Cody’s owner looked a little dazed with our offers. He took our numbers down, and we thanked him for listening as he disappeared into his house with the anti-chaining pamphlets.
We returned to M’s place of work and sat back down explaining to her what had transpired. As we explained that we’d be back, maybe with a box of treats and a new collar, the door to Cody’s house opened and his owner stepped out. We watched amazed as he walked over to Cody, gripped his collar, and did something so amazing that even Cody himself didn’t seem to believe it for a minute. He unclipped his chain.
Within minutes, both Cody and his owner had disappeared back into the house.
Now, this isn’t the end of Cody’s story.
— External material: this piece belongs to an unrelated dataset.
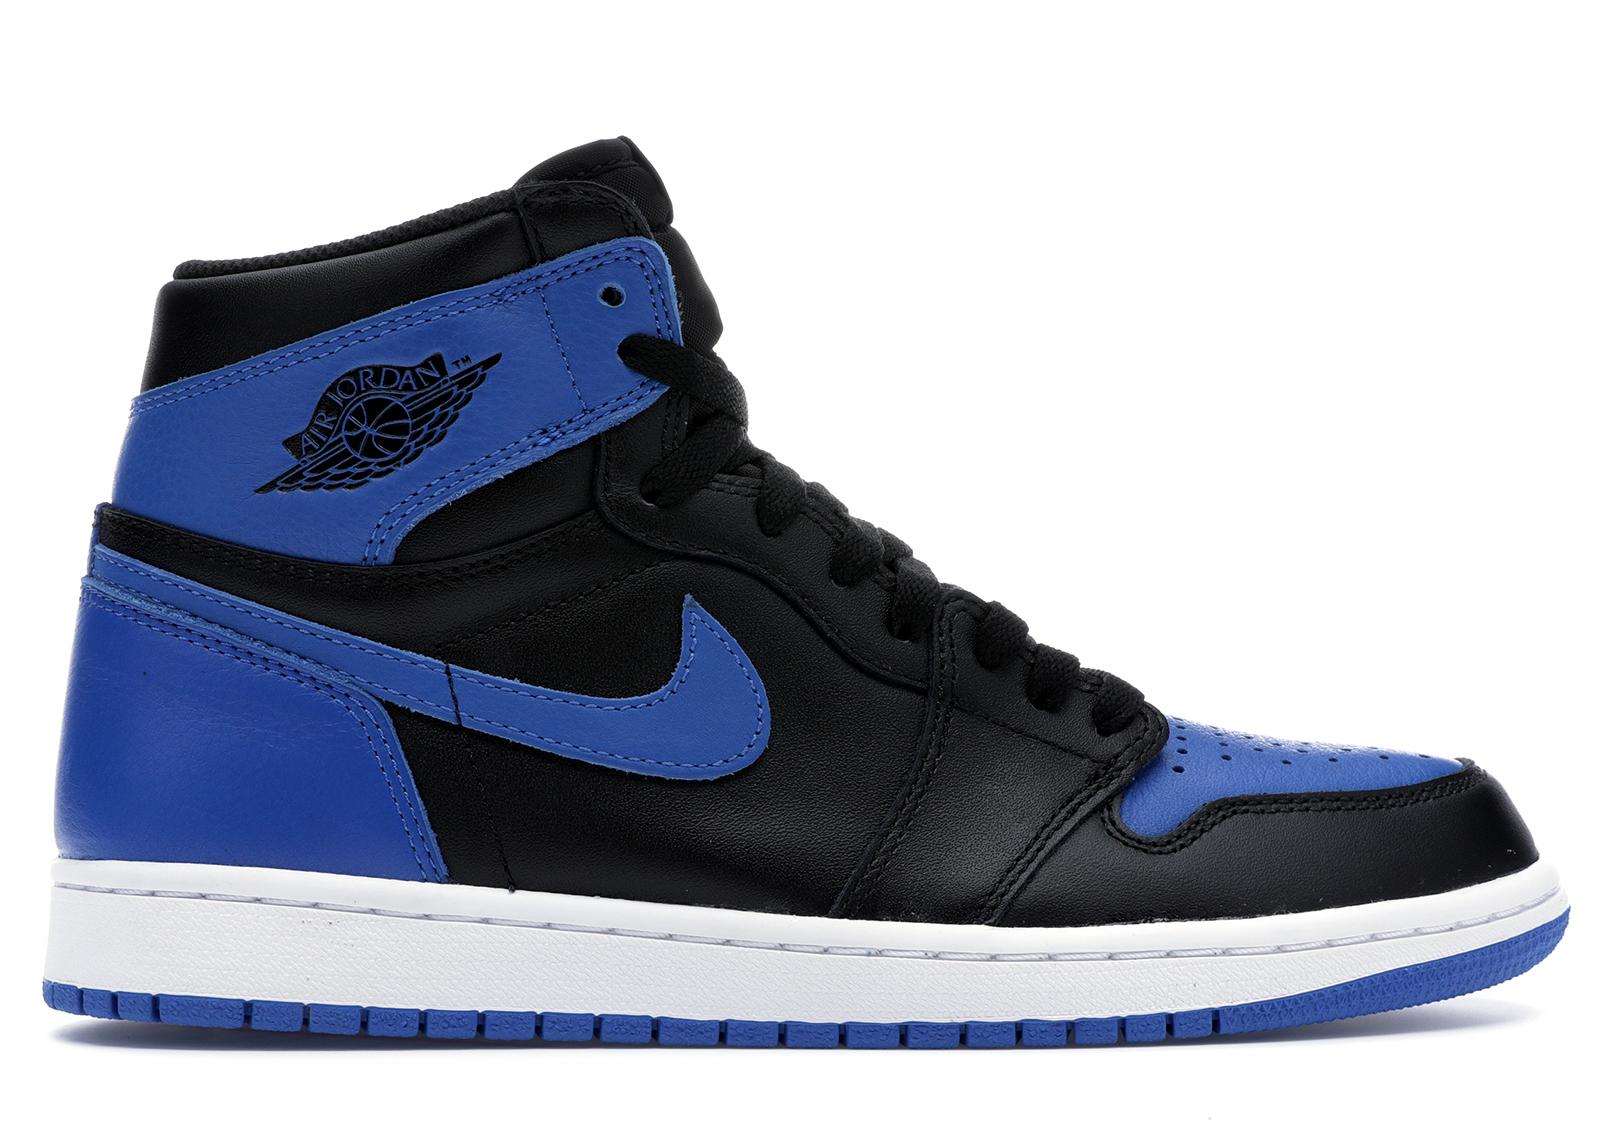 Jordan 1 Retro Black Royal Blue (2013

Not by a long shot. Bringing a dog into the house after that long is sure to have some obstacles, but Sam and I will be there offering whatever help we can every step of the way. M is keeping an eye on things, and we hope that Cody’s time in the house will become permeant.
Now, if you take one thing for this story, it should be that you can make a difference. Cody’s owner was not evil or cruel. Just misinformed and maybe little ignorant. In some cases, all you need to do is give someone the tools, in this case, knowledge, and sit back and watch as they work.
Not every owner will be as receptive as Cody’s was. I’ve been yelled at, threatened, and thrown off property in the past, so it’s always important to be careful.
If you or a friend knows of a dog that is living his or her life outside and would like to do something about it there are many fact sheets, pamphlets, and educational materials that can be printed and given to dog-chaining owners, or, if you’re frightened, left in their mailbox.
If you do see a dog that looks too skinny, ill, or is without respite from the cold or heat- give your local Animal Control Officer a call as soon as possible. You can make a complaint by phone without having to confront anyone yourself.
In any case, when approaching a stranger, be careful, be friendly, and be well. You won’t change everyone’s mind, but you may just give them something to think about.